Etude des facteurs prédictifs de l’efficacité d’un traitement par corticoïdes inhalés : Richard J. Martin, MDa, Stanley J. Szefler, MDa, Tonya S. King, PhDb, Monica Kraft, MDa, Homer A. Boushey, MDg, Vernon M. Chinchilli, PhDb, Timothy J. Craig, DOb, Emily A. DiMango, MDe, Aaron Deykin, MDc, John V. Fahy, MDg, Elliot Israel, MDc, Stephen C. Lazarus, MDg, Robert F. Lemanske Jr., MDd, Frank T. Leone, MDf, Gene R. Pesola, MD, MPHe, Stephen P. Peters, MD, PhDf, Christine A. Sorkness, PharmDd, Lisa A. Szwejbka, MSPHb, Michael E. Wechsler, MDc
a From National Jewish Medical and Research Center, Denver
b Pennsylvania State University College of Medicine, Hershey
c Brigham and Women’s Hospital and Harvard Medical School, Boston
d University of Wisconsin
e Harlem Hospital Center and Columbia University, New York
f Thomas Jefferson University, Philadelphia
g University of California at San Francisco
dans JACI Volume 119, Issue 1, Pages 73-80 (January 2007)
– Contexte
- Bien que les guides de bonne pratique et conférences de consensus recommandent un traitement anti inflammatoire pour l’asthme persistant, de récentes études suggèrent que 25 à 35% des patients asthmatiques n’améliorent pas leur fonction respiratoire avec les corticoïdes inhalés.
– Objectifs
- Évaluer les marqueurs biologiques potentiels prédictifs d’une réponse à court terme (6 semaines) aux corticoïdes inhalés.
- Évaluer ensuite les sujets répondeurs et non répondeurs aux critères de contrôle de l’asthme pendant une période prolongée (16 semaines supplémentaires).
– Méthodes
- 83 personnes asthmatiques non traités par les corticostéroïdes étaient recrutées dans une étude multicentrique.
- Des marqueurs biologiques et des caractéristiques de l’asthme étaient sélectionnés comme facteurs prédictifs d’une réponse aux corticostéroïdes inhalés pendant 6 semaines basée sur les modification du VEMS et du PC 20 métacholine.
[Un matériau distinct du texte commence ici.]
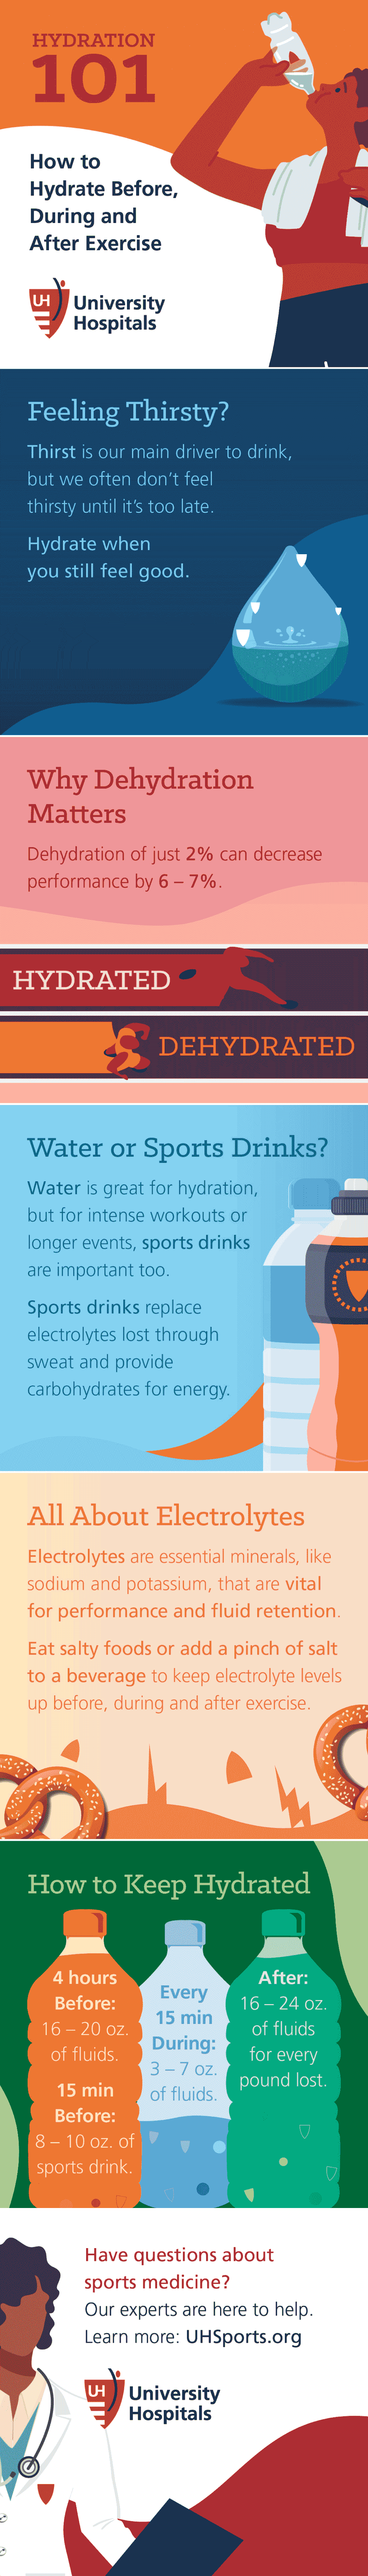 Infographic: How to Hydrate Before, During and After Exercise

- Puis une période de 4 mois supplémentaires évaluait les critères de contrôle de l’asthme.
– Résultats
- De multiples marqueurs prédictifs eurent une corrélation significative avec l’efficacité à court terme des corticoïdes inhalés.
- La seule corrélation franchement significative (r ≥ ± 0.6) reste la réversibilité à l’albutérol ( r = 0.83 ; p <0 .001), VEMS ( en pourcentage par rapport à la valeur prédictive (r = −0.71 ; p <0.001) et VEMS/CVF( r = −0.71 ; p < 0.001).
- Ce critère de réversibilité à l’albutérol séparant les patients lors de la période courte de 6 semaines en patients répondeurs ( plus de 5% d’amélioration du VEMS) ou patients non répondeurs ( <5%) va déterminer le besoin à long terme en corticoïde.
- Pour les patients non répondeurs les critères de contrôle de l’asthme demeuraient inchangés lorsque les corticoïdes inhalés étaient poursuivis ou substitués par un placebo (p=99)
- Les patients répondeurs ne maintenaient les critères d’évaluation du contrôle de l’asthme qu’à la condition de poursuivre un traitement par stéroïdes inhalés (p=0,07).
– Conclusion
- La réponse à court terme à un traitement par corticoïdes inhalés basée sur l’amélioration du VEMS est un critère prédictif du bon contrôle de l’asthme à long terme.
– Implications cliniques
- La décision d’utiliser un traitement au long court d’une corticothérapie inhalée pourrait reposer sur un traitement d’épreuve de courte durée (6 semaines).
- D’autres stratégies thérapeutiques devraient être évaluées chez les non répondeurs.